I am always on the look-out for oddball species, either cat fish or cichilds. Especially what is deemed 'slow growers'

In my 20g setup now, (1)Butterfly pleco










I have a Polypterus "endlicheri endlicheri" lil bugger is maybe 2 inches. I think these are one of the most unique polypetrus since they retain external gills. 
















I have 4 panda corys and 4 pygmy corys. My substrate is a coarse white sand mixed with small black gravel. It's spotless with those cories. I keep some driftwood with moss growing on it, a moss-ball, and 1 crypt parva and an amazon sword, which has grown in pretty full.

I recently was at my lfs, and saw something just in called an African wide mouth catfish. it looked like nothing I've seen. It's maybe 2 in as well, but a fat mouth and head. It has these eyes that look like stainless steel, and it's like a creme base color with copper spots. He isn't aggressive, as these pygmy cories would be snacks with ease. The guy who I deal with for my odd ball stuff, said his wholesaler was told it doesn't push 6-8 " full grown. I'm skeptical, but these people aren't the ones who sell u a RTC and say it only needs a 55g, they pretty much say you need 200g+ or a pond. So I take their information with some trust.









** It's not a Giraffe Catfish. It might be a dwarf one but it doesn't really have their pattern or so I'd think. I've never seen a dwarf one myself.

At the end of the day everything is working out really well. I wanted to add either 1 or 2 unique smaller specimen or a school of non nippy fish. I don't want an apisto, or rams. I thought maybe a nice angel, or a single discus?
I would love some ideas. Thanks


----------



## fmueller (Jan 11, 2004)

Regarding the catfish ID, I'd recommend posting your photo on Planetcatfish.com. That's where the catfish nerds hang out!

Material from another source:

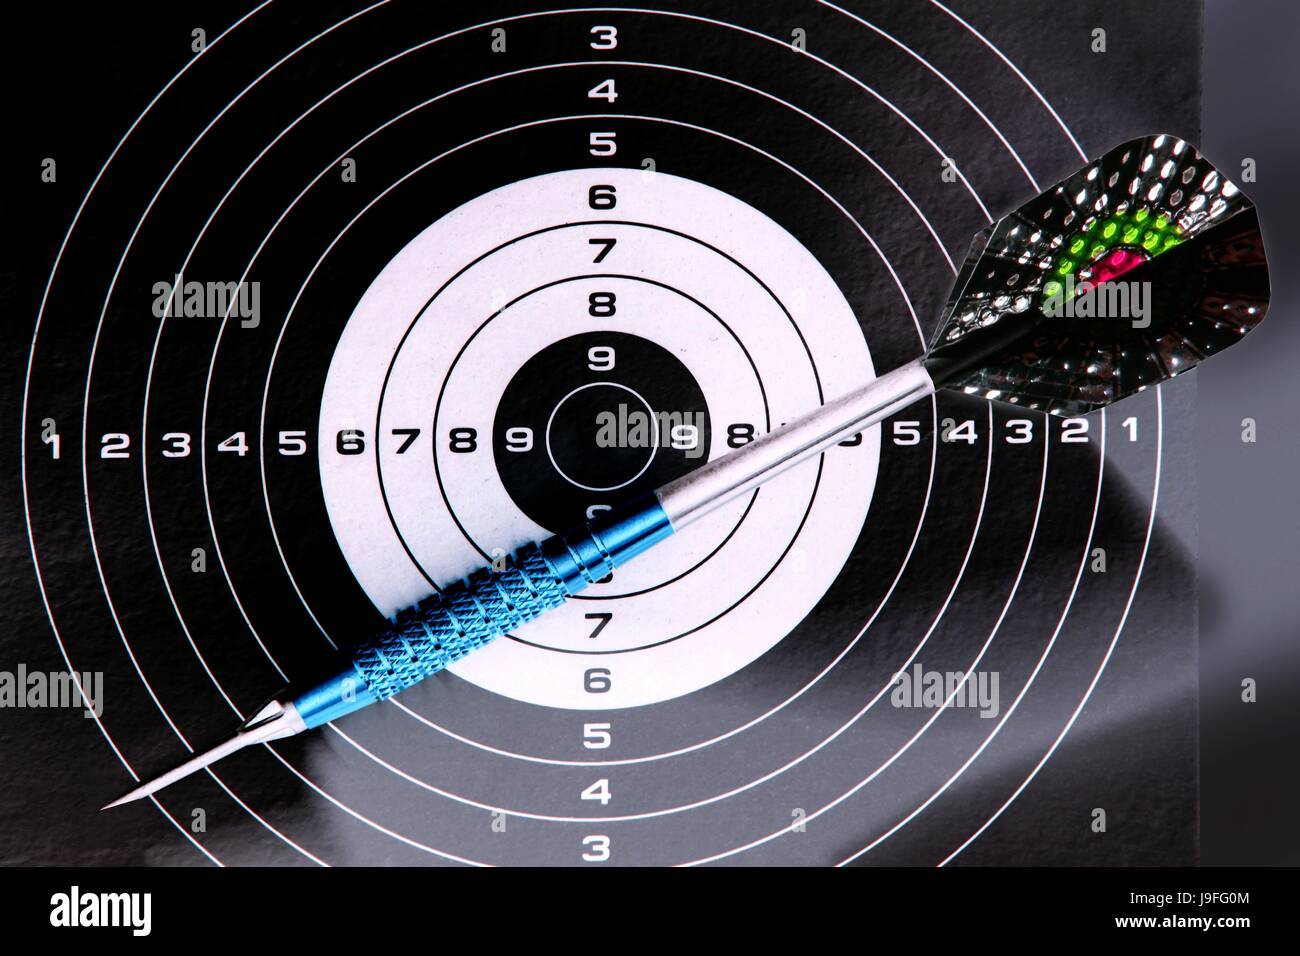 close, blue, ring, board, macro, close-up, macro admission, close up view, - Stock Image

If anybody can, they will be able to tell you what you have.

Regarding possible cichlid tank mates, Bolivian Rams would really be your ideal choice - hoping that by Ram you mean German Ram  Discus do much better in groups and have very special requirements - warmer water than most other fish, very frequent water changes, and so on. Plus discus get too large for a 20G. Angels are actually quite nippy. An adult angel would definitely try to take a bite out of those catfish, and if those catfish are secretive now, they would be more so in the presence of an angel. Plus angels really appreciate a higher tank, which a 20g is not.

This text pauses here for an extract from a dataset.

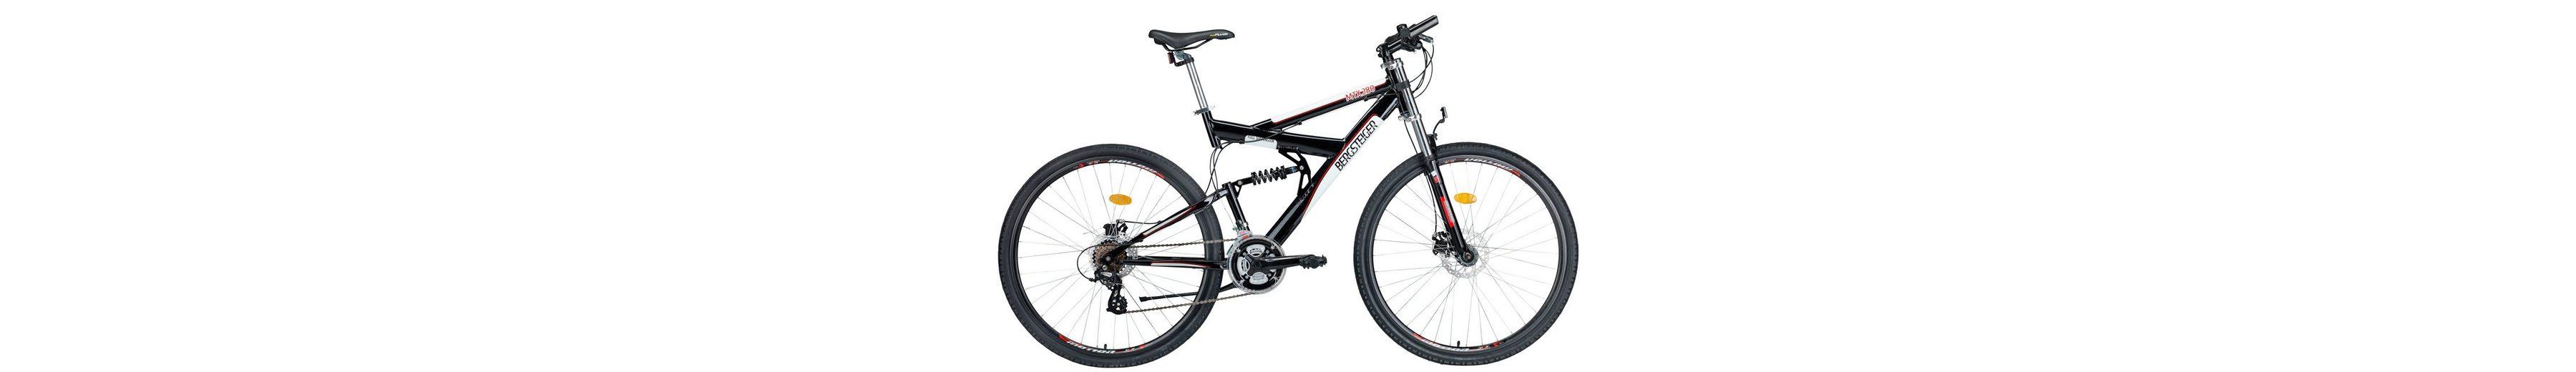 Mountainbike »MTX.280 71,12 cm (28 Zoll)«

How about a school of Tetras or some nice life-bearers? You don't have to buy the candy colored man made varieties of the latter, but there are beautiful wild strain color morphs of Xiphophorus helleri. There are also other wild strain dwarf swordtails that are very attractive! Since you are into oddballs, Xiphophorus pygmaeus should be right up your alley! :thumb:


----------



## oldcatfish (May 27, 2009)

There is more than one species of "giraffe catfish."
I'm no expert with catfish species, but it does look like a giraffe cat juvenile to me. The color patterns can be variable.


----------